Territory owners responded to experimentally silenced, intruding
male conspecifics differently than to normal, non-silenced intruders.
We observed two different owners directing pendulum dives at a silenced
intruder, whereas we never observed owners directing pendulum dives
at non-silenced, adult intruders. Silenced intruders, more than
normal intruders, went unnoticed altogether or were unnoticed initially
upon entry before being chased out by territory owners (Fig.

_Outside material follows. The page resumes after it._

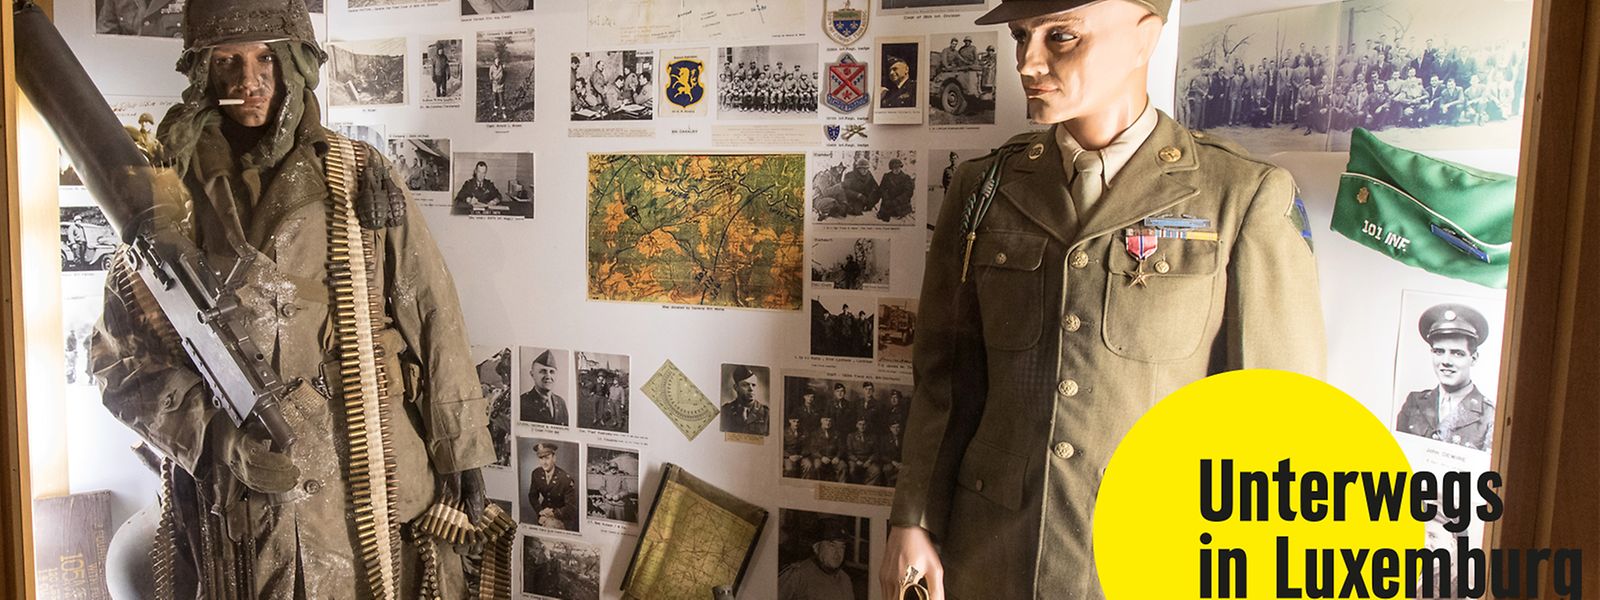 Im Militärmuseum wird Geschichte gelebt und erlebt.
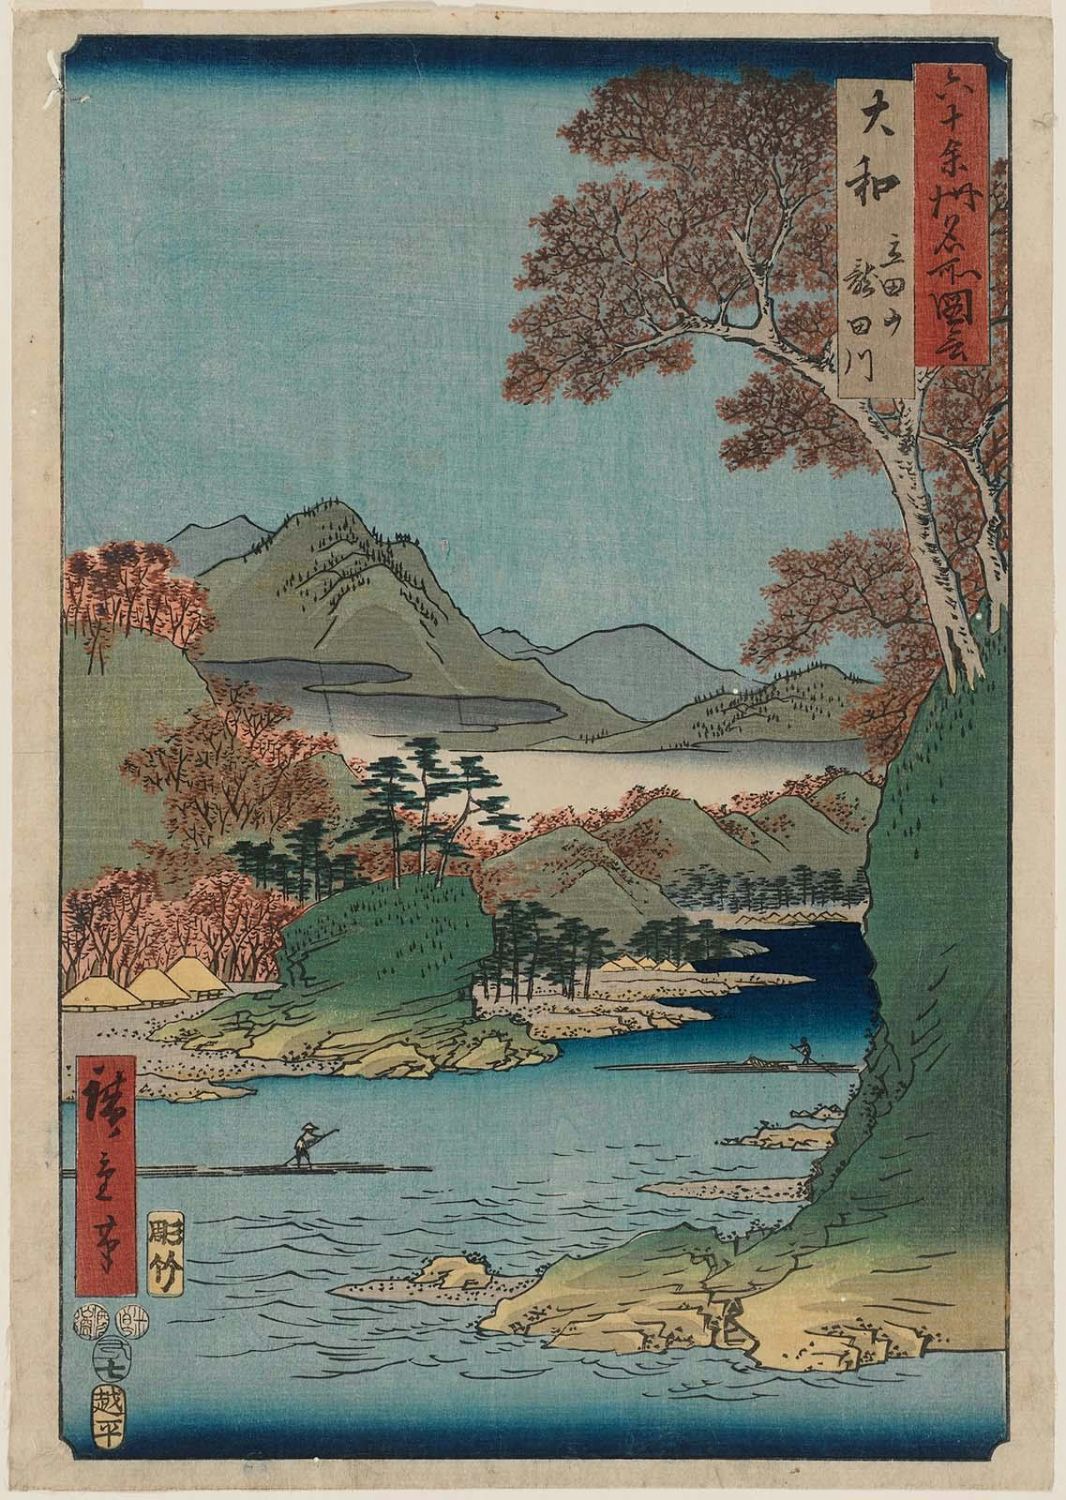 Utagawa Hiroshige: Yamato Province: Tatsuta Mountain and Tatsuta

4). Flight patterns of silenced intruders that might have caused
them to go unnoticed, e.g. flying low in the vegetation, were not
observed. Although both silenced and normal intruders were chased
off territories eventually, territory owners initially behaved passively
toward normal intruders more often than toward silenced intruders
Restoration of the Wing Whistle
Male hummingbirds exhibited a return to normal territorial behaviour
accompanying the return of the wing whistle. For bird OT, as shown
in Fig. 5, most variables that
altered significantly in all birds as a result of silencing returned
after whistle restoration to almost exactly the same levels as before
silencing. The only variable that did not alter as a result of silencing
for bird OT was chase duration (Fig.
5e); nevertheless, it was the same after whistle restoration
as before silencing. For two other birds with restored wing whistles,
no observations were made before silencing and hence we cannot assert
that they returned to presilenced levels of behaviour.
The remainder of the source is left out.